我毫無準備,只好硬著頭皮唱了一首我娘小時候教的江南小調。


就唱了那麼一首。


初次見面的小將軍周子骞和小王爺蕭承逸,

就都看直了眼。


第二天,周子骞的汗血寶馬就送到了我家門口。


第三天,蕭承逸的絕版古籍也到了。


第四天,兩個人在我家門口碰上了,差點當場打起來。


我爹當時躲在府門內偷看,樂得直搓手。


靠著這兩位「準女婿」的威風。


他在朝堂上作威作福的姿態比以前更甚。


直到今天。


裴錚給了他一記重拳。


爹爹咬牙切齒:


「你只要去給攝政王送送秋波,那倆小子知道了,肯定要急眼。

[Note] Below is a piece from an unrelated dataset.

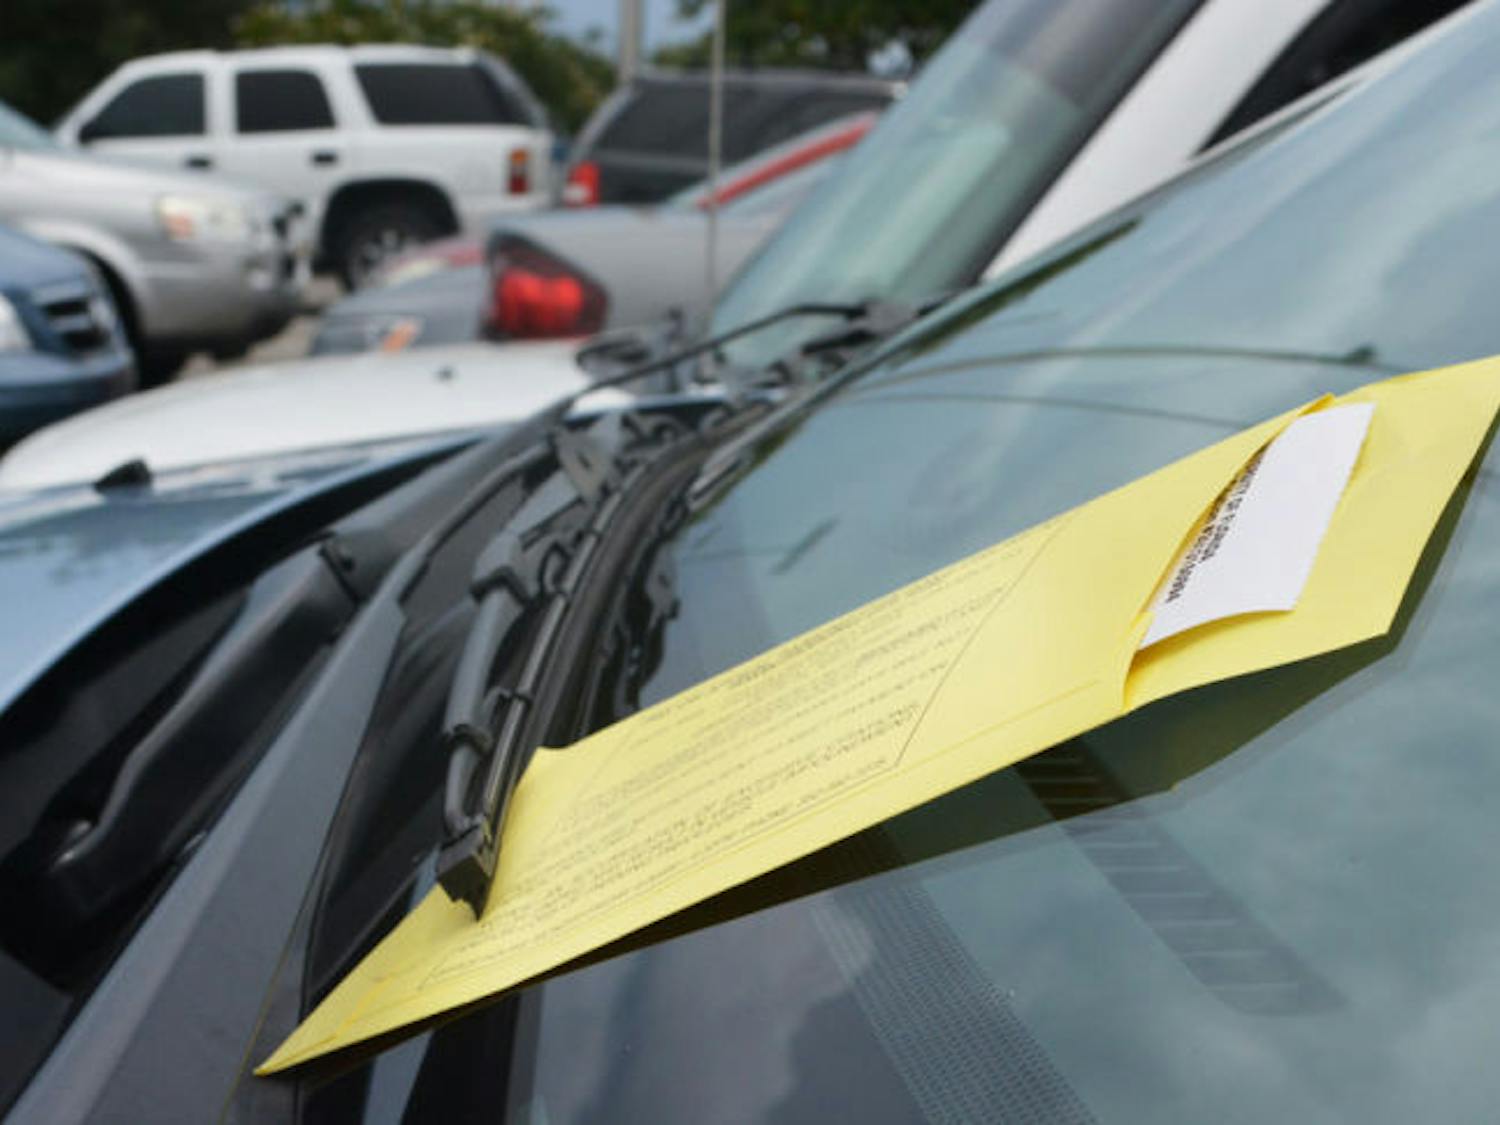 A University Police parking ticket rests on a car’s windshield Monday. The city of Gainesville is attempting to collect more than $600,000 in unpaid tickets to provide revenue that could fund additional parking areas.
&nbsp;

」


「一個是手握兵權的少年將軍,一個是皇室宗親的清貴小王爺,他們要是為了你跟攝政王槓上,就是倆絕佳的活靶子!」


「屆時,攝政王的邪火全撒他們身上了,哪還有空來罵我?」


他說完,一臉驕傲地看著我。


我嘴角抽了抽。


正想拒絕。


但看著我爹抱著門柱子又要開始哭的架勢。


我揉了揉太陽穴。


算了。


隨便敷衍一下,權當盡孝吧。


3


話本子裡都說。


女子在路上佯裝頭暈,一頭栽進心上人懷裡,四目相對,從此墜入愛河。


我在裴錚下朝的必經之路上。


等了半個時辰。


終於,遠處傳來了一陣馬蹄聲。


馬上之人,身著玄色錦袍,外罩黑色大氅。


身姿挺拔,面容冷峻。


說實話,帥得超乎預料。


我一時間竟看愣了神。


直到他策馬幾乎近在我跟前。


丫鬟春桃按照劇本,幹巴巴地驚呼:


「呀!小姐,小心!」


我趕緊回神。


腳下一軟,十分敷衍地「哎呀」一聲。


身子朝著馬路中間倒去。


裴錚身為習武之人,反應極快。


當即一拽韁繩勒住了馬。


可預想中的英雄救美並沒有發生。


我結結實實地摔在了地上。


下一瞬,一柄未出鞘的長劍,毫不客氣地抵在我肩頭。


順著劍身看上去,是裴錚那張沒有任何表情的臉。


他眯了眯眼:


「徐小姐,令尊今日在朝堂上剛閃了腰,怎麼,你也想摔斷腿?」


「一個二個的,

都想碰瓷本王,你們父女倆商量好的?」


天S的,原來他認得我啊。


我故作柔弱的表情僵在臉上。


他連我爹都恨不得一腳踹飛。


怎麼可能吃這拙劣的美人計?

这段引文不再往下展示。